Records from a collection

---

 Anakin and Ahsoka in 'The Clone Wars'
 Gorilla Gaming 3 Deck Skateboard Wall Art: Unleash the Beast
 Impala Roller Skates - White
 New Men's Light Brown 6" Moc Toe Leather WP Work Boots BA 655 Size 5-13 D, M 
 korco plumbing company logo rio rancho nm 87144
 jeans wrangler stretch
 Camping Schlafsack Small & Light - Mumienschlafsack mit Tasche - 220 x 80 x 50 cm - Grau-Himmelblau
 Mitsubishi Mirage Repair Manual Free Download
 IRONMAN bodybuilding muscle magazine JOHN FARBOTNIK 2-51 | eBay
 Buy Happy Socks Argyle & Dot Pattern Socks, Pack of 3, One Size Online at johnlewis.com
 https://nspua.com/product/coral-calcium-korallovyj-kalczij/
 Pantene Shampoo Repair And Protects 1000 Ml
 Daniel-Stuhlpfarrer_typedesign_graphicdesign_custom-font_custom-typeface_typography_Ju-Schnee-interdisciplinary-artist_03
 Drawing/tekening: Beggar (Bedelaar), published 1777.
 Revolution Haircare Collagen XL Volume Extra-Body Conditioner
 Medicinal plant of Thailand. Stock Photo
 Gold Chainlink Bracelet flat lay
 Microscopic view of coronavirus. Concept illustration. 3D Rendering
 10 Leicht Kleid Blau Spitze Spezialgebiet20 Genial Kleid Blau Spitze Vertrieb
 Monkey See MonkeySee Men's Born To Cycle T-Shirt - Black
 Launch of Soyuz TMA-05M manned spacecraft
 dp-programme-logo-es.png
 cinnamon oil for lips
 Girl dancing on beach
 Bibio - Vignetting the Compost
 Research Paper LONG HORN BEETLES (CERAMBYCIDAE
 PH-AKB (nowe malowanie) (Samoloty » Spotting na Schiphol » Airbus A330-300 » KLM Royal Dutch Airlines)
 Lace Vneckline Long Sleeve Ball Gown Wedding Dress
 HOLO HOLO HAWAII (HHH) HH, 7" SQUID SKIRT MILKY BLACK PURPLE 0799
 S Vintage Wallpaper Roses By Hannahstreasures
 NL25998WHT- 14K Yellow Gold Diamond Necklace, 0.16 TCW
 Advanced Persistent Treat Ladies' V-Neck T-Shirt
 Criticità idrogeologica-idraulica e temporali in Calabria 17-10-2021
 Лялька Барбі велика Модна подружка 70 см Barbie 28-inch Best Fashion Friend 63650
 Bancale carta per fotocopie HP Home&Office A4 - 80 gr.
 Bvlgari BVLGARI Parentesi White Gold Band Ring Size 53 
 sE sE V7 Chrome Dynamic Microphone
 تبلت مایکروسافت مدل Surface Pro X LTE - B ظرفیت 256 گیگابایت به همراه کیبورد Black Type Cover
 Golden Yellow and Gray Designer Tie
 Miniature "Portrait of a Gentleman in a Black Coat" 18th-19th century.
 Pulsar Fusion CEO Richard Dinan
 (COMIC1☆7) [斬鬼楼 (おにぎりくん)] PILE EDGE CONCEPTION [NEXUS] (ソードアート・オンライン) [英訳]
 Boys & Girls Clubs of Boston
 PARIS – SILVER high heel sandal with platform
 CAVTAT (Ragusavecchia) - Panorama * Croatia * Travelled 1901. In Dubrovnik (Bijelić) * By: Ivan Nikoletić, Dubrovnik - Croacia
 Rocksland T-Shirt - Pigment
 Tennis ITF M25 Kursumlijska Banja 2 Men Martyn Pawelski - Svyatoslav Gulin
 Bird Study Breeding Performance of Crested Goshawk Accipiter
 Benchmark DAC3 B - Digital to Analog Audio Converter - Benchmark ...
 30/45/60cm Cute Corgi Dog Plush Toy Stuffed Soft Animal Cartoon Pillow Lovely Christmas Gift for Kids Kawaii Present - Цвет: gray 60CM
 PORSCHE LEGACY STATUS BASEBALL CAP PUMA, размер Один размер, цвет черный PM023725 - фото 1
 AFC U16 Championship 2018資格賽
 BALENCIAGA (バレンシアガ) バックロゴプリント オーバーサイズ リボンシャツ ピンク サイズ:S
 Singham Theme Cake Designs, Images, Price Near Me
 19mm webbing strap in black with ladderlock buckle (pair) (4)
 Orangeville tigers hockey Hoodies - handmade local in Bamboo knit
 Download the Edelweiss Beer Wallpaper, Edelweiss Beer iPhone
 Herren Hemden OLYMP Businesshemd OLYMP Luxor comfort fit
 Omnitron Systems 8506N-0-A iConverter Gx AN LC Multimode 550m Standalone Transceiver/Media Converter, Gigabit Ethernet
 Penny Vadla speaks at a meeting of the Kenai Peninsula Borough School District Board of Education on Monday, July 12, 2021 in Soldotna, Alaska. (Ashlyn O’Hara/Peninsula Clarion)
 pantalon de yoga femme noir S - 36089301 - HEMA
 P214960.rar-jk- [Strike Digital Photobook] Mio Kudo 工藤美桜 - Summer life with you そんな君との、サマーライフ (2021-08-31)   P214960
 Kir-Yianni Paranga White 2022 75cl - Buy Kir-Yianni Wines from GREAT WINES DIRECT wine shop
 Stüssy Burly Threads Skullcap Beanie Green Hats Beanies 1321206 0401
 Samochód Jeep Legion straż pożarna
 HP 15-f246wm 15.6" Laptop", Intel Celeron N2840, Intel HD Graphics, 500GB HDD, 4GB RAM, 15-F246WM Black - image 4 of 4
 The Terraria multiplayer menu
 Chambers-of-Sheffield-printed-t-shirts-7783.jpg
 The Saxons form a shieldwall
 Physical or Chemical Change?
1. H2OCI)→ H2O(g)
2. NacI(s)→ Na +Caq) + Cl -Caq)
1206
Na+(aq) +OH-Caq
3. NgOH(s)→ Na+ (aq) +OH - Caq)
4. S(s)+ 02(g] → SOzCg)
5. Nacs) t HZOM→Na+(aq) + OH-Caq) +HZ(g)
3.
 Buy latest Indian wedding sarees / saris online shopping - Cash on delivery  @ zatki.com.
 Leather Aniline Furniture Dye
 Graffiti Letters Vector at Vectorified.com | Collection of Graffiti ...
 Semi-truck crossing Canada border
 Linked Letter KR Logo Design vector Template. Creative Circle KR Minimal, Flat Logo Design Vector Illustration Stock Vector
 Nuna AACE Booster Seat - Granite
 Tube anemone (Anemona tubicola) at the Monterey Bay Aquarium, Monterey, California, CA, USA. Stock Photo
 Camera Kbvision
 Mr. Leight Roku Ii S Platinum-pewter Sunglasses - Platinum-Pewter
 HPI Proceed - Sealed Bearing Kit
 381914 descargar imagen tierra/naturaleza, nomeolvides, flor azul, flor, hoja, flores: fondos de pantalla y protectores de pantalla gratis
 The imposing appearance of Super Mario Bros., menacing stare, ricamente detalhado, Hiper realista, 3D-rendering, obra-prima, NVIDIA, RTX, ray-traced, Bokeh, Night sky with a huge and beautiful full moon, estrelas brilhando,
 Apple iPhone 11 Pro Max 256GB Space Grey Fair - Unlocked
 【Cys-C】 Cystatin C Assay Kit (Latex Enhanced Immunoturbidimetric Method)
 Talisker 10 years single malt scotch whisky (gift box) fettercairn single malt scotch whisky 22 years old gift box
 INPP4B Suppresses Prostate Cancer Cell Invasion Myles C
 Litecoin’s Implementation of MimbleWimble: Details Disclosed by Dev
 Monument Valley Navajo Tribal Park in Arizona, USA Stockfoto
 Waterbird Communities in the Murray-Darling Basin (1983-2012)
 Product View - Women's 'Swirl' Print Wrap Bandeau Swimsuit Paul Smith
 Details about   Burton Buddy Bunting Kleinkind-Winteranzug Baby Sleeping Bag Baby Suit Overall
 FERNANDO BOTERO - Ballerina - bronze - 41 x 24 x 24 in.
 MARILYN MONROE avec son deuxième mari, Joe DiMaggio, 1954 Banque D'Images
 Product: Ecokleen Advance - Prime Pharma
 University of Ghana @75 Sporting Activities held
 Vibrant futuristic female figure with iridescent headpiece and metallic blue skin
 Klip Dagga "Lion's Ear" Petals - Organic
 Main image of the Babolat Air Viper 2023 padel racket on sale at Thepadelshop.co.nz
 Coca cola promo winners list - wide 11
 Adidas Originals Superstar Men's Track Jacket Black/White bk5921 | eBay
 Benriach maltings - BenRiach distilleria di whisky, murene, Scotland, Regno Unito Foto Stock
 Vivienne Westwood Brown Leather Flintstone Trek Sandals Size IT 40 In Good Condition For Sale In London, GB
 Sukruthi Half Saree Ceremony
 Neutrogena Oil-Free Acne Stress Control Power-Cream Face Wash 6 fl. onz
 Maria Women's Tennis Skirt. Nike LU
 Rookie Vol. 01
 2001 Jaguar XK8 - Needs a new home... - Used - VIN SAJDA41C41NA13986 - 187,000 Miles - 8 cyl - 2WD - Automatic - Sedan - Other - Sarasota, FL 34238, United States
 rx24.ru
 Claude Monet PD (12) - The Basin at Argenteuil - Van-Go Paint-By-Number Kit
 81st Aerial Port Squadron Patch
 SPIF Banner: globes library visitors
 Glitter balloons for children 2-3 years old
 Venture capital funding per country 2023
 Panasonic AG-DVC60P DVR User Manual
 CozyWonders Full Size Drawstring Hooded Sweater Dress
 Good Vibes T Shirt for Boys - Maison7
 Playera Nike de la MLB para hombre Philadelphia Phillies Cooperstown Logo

---

BRIEF
Look through the entries above and quote exactly the lines from the line with "AFC U16 Championship 2018資格賽" to the line with "381914 descargar imagen", counting both of those lines.

REPLY TO THE TASK
 AFC U16 Championship 2018資格賽
 BALENCIAGA (バレンシアガ) バックロゴプリント オーバーサイズ リボンシャツ ピンク サイズ:S
 Singham Theme Cake Designs, Images, Price Near Me
 19mm webbing strap in black with ladderlock buckle (pair) (4)
 Orangeville tigers hockey Hoodies - handmade local in Bamboo knit
 Download the Edelweiss Beer Wallpaper, Edelweiss Beer iPhone
 Herren Hemden OLYMP Businesshemd OLYMP Luxor comfort fit
 Omnitron Systems 8506N-0-A iConverter Gx AN LC Multimode 550m Standalone Transceiver/Media Converter, Gigabit Ethernet
 Penny Vadla speaks at a meeting of the Kenai Peninsula Borough School District Board of Education on Monday, July 12, 2021 in Soldotna, Alaska. (Ashlyn O’Hara/Peninsula Clarion)
 pantalon de yoga femme noir S - 36089301 - HEMA
 P214960.rar-jk- [Strike Digital Photobook] Mio Kudo 工藤美桜 - Summer life with you そんな君との、サマーライフ (2021-08-31)   P214960
 Kir-Yianni Paranga White 2022 75cl - Buy Kir-Yianni Wines from GREAT WINES DIRECT wine shop
 Stüssy Burly Threads Skullcap Beanie Green Hats Beanies 1321206 0401
 Samochód Jeep Legion straż pożarna
 HP 15-f246wm 15.6" Laptop", Intel Celeron N2840, Intel HD Graphics, 500GB HDD, 4GB RAM, 15-F246WM Black - image 4 of 4
 The Terraria multiplayer menu
 Chambers-of-Sheffield-printed-t-shirts-7783.jpg
 The Saxons form a shieldwall
 Physical or Chemical Change?
1. H2OCI)→ H2O(g)
2. NacI(s)→ Na +Caq) + Cl -Caq)
1206
Na+(aq) +OH-Caq
3. NgOH(s)→ Na+ (aq) +OH - Caq)
4. S(s)+ 02(g] → SOzCg)
5. Nacs) t HZOM→Na+(aq) + OH-Caq) +HZ(g)
3.
 Buy latest Indian wedding sarees / saris online shopping - Cash on delivery  @ zatki.com.
 Leather Aniline Furniture Dye
 Graffiti Letters Vector at Vectorified.com | Collection of Graffiti ...
 Semi-truck crossing Canada border
 Linked Letter KR Logo Design vector Template. Creative Circle KR Minimal, Flat Logo Design Vector Illustration Stock Vector
 Nuna AACE Booster Seat - Granite
 Tube anemone (Anemona tubicola) at the Monterey Bay Aquarium, Monterey, California, CA, USA. Stock Photo
 Camera Kbvision
 Mr. Leight Roku Ii S Platinum-pewter Sunglasses - Platinum-Pewter
 HPI Proceed - Sealed Bearing Kit
 381914 descargar imagen tierra/naturaleza, nomeolvides, flor azul, flor, hoja, flores: fondos de pantalla y protectores de pantalla gratis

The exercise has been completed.